Chapter Seven — The Weight of Less
Prompt: What are the biggest benefits of minimalist living? Tags: dailyprompt | Breck | Crestfall | Dead Delivery | Lumenvale
He inventoried his possessions the way he did every few weeks — not from anxiety, but from discipline, the same discipline that had kept him breathing through four years of war and a decade of roads that didn’t care whether he made it to the next town or didn’t.
He did it on the floor of the inn room, the satchel open between his knees, each item removed and placed on the rough plank boards with the deliberate care of a man who understood that what you carried was a decision, not an accident.
The sealed reply document, his legitimate reason for being in Crestfall one day longer than planned. The oilskin packet against his chest — he’d moved that to the floor beside his knee, keeping it in his peripheral vision the way he kept everything important. A compass, worn smooth on the brass casing where his thumb had rested against it for ten years. A folding straight-edge. The stub of mapping chalk, slightly shorter now after Pell’s work on the riverside boulder. A money pouch, lighter than he preferred. A short-bladed knife, more tool than weapon, its edge maintained to a standard that would have satisfied his old commanding officer and would have baffled everyone else in the inn.
Flint. A length of waxed cord. A small tin of salve for the blister on his right heel that had been threatening to become a real problem since the hill road north of Millfield.
That was everything.
He looked at it arranged on the floor around him — the totality of what he owned and carried, spread across perhaps four square feet of plank boarding in a room that smelled of tallow and old timber. Another man might have found that inventory depressing. Breck had long since arrived at a different conclusion.
Everything on that floor was there because it had earned its place. Every item had been evaluated, found useful, kept — or found wanting and left behind in some previous inn room or roadside camp or post station along one of the hundred routes he’d run in the years since the war ended. The compass had replaced two inferior compasses. The knife had replaced a longer blade he’d carried for three years before acknowledging, with some difficulty, that its weight wasn’t justified by its use. The salve was new, added three weeks ago after the blister incident, because ignoring a blister until it became an infection was the kind of decision that got couriers killed in wet weather on long roads.

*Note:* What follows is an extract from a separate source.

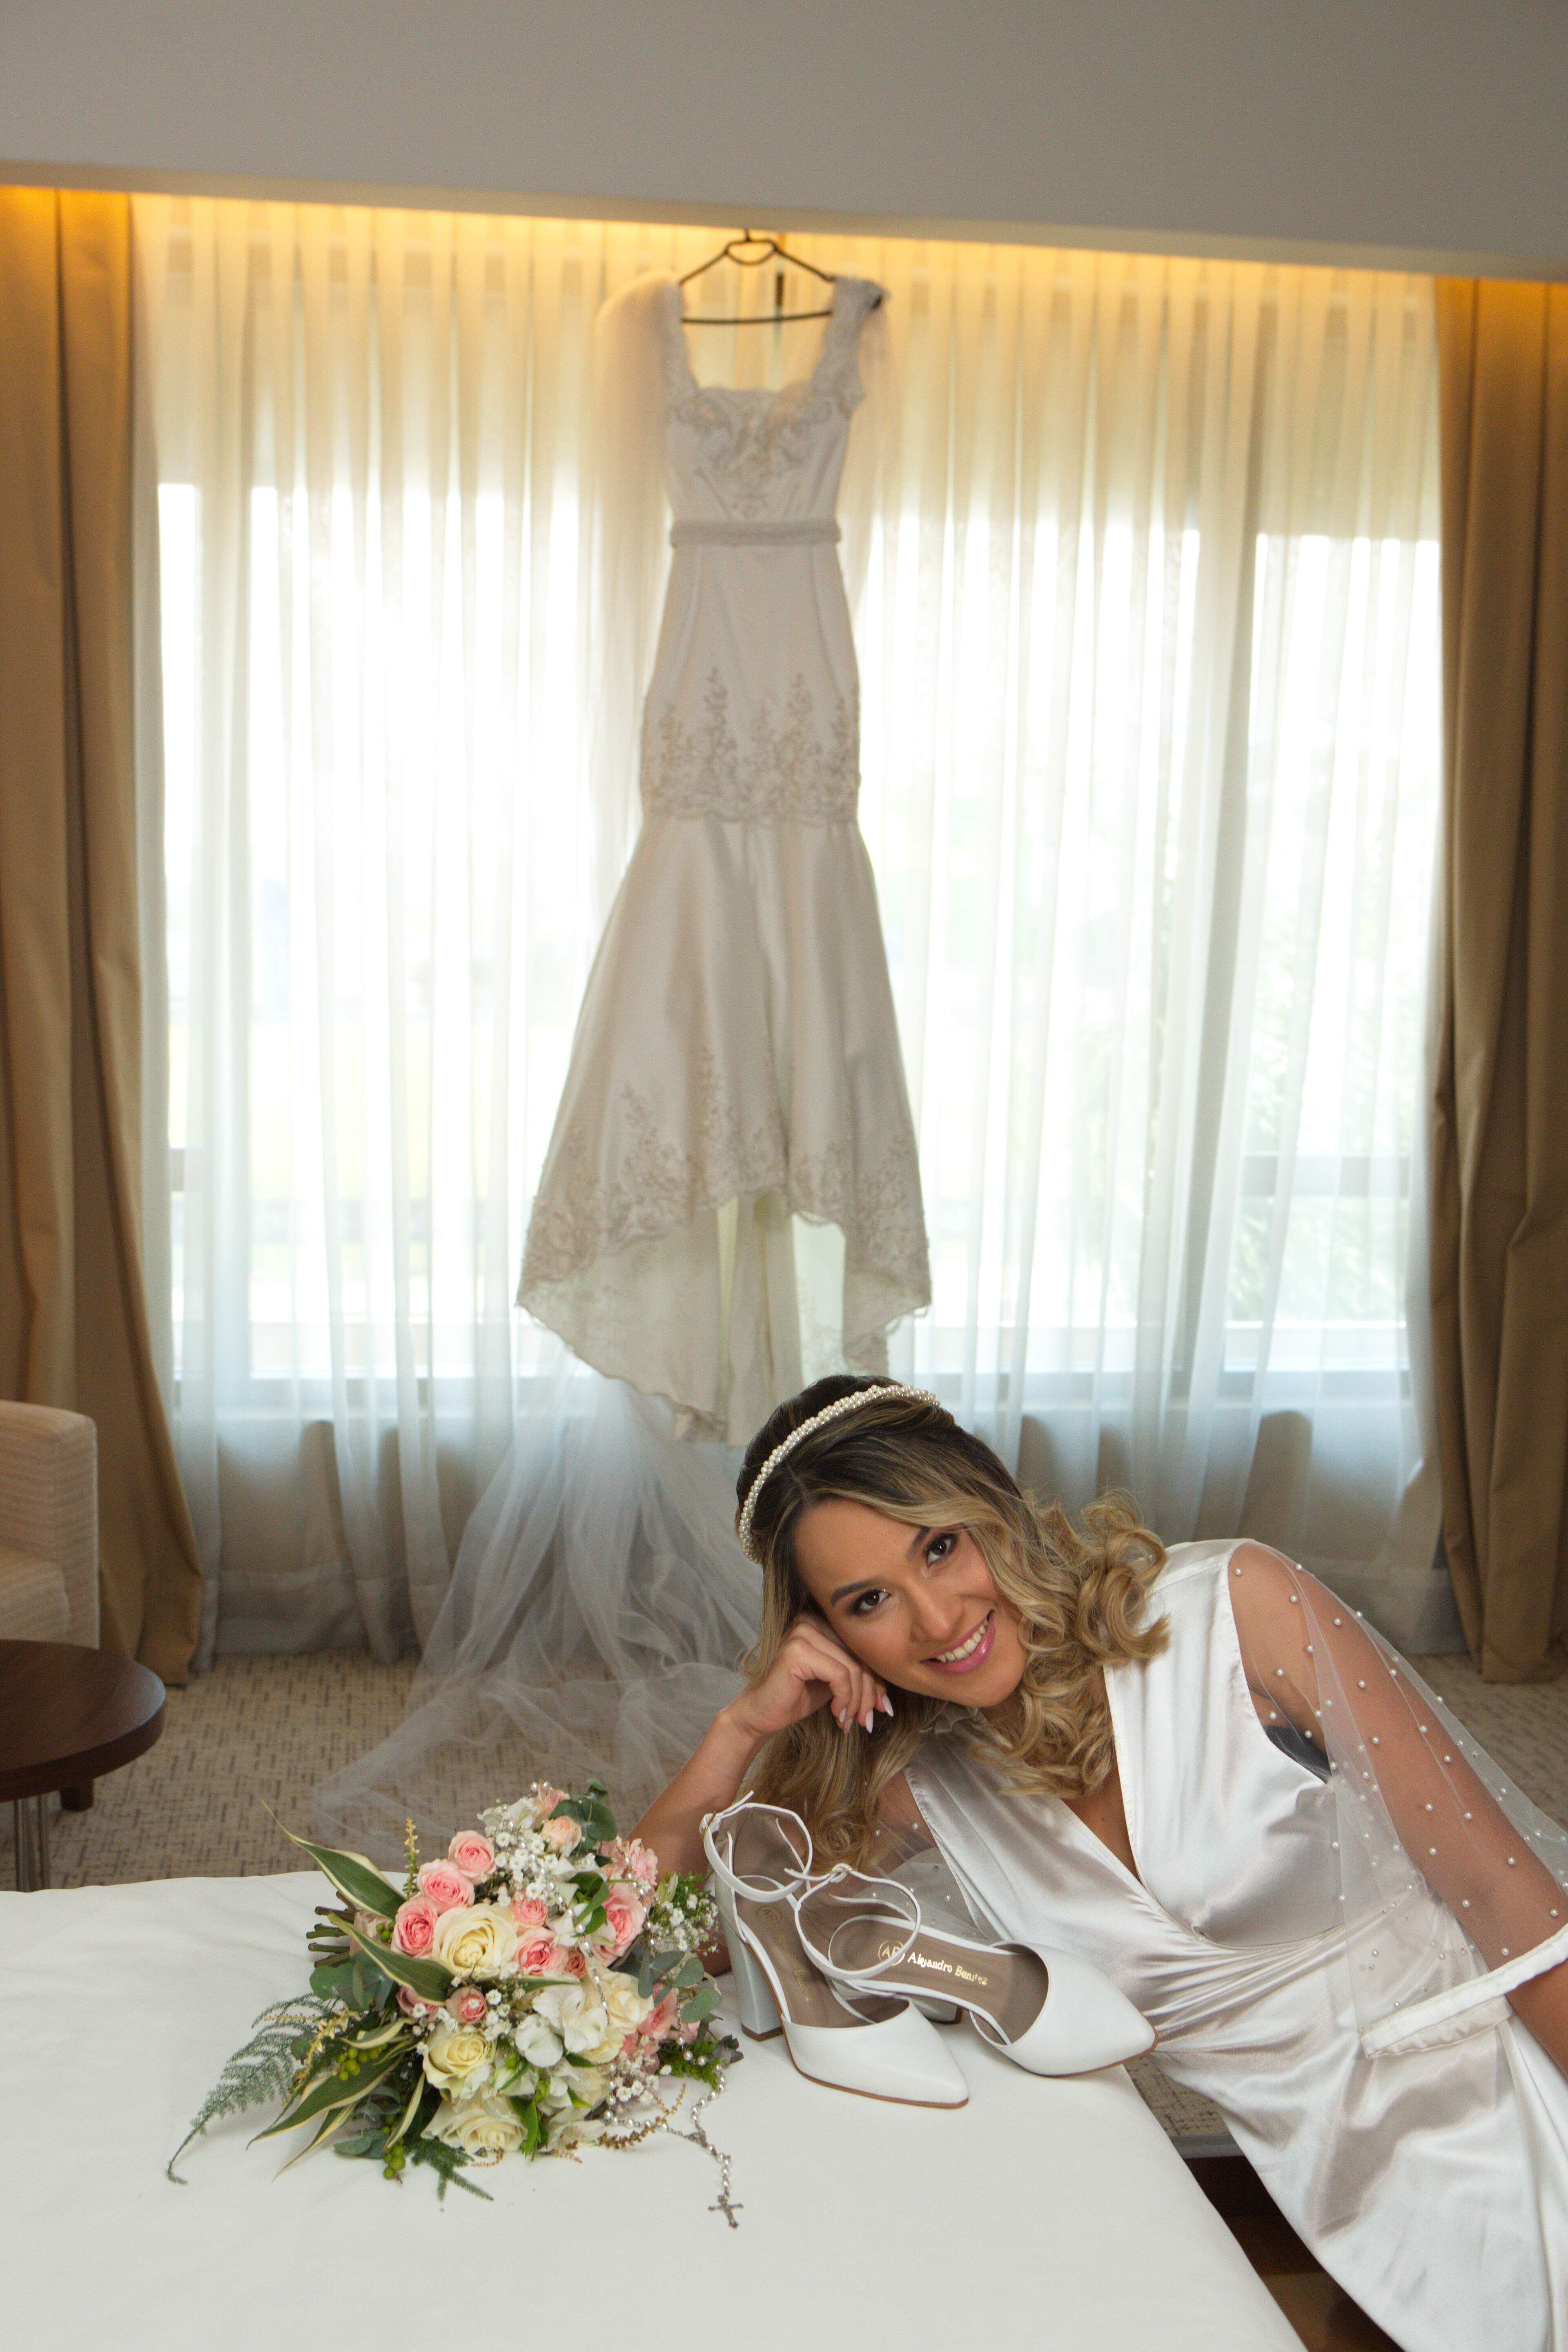 La novia lució radiante con un vestido diseñado y confeccionado por Juana Leiva y llevó un delicado ramo de flores naturales.
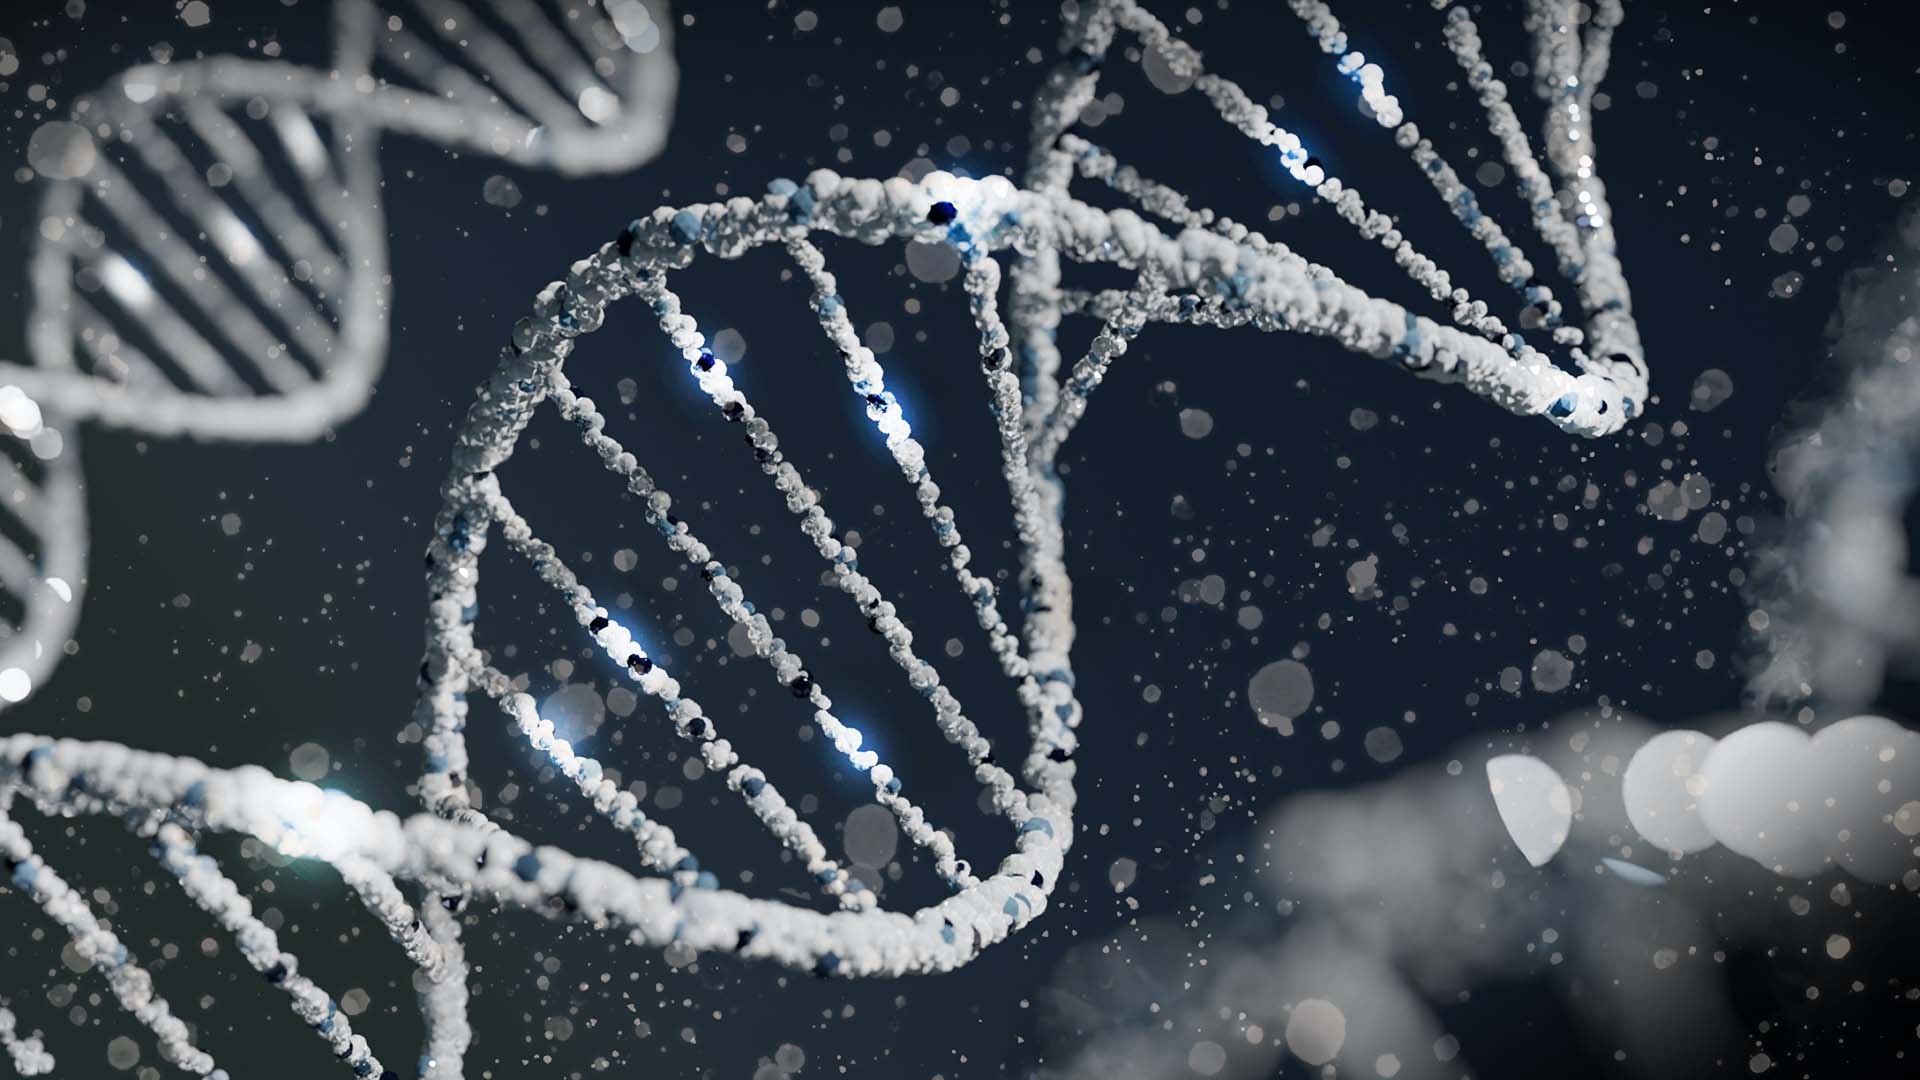 Computer rendering of DNA. Image credit: Sangharsh Lohakare (@sangharsh_l) on Unsplash.

Nothing decorative. Nothing sentimental.
Except the bracelet, which wasn’t either of those things — or was both, in a way that didn’t fit any category he’d found for it.
He picked it up from the satchel strap where it rested and turned it in his fingers. Pale cord, woven tight by small hands from whatever had been available — grain stalks, roof grass, the kind of material a child in an occupied valley used because it was there and because the making of it was the point, not the material. It weighed almost nothing. It occupied almost no space.
It was the heaviest thing he owned.
He set it back on the strap. Began repacking.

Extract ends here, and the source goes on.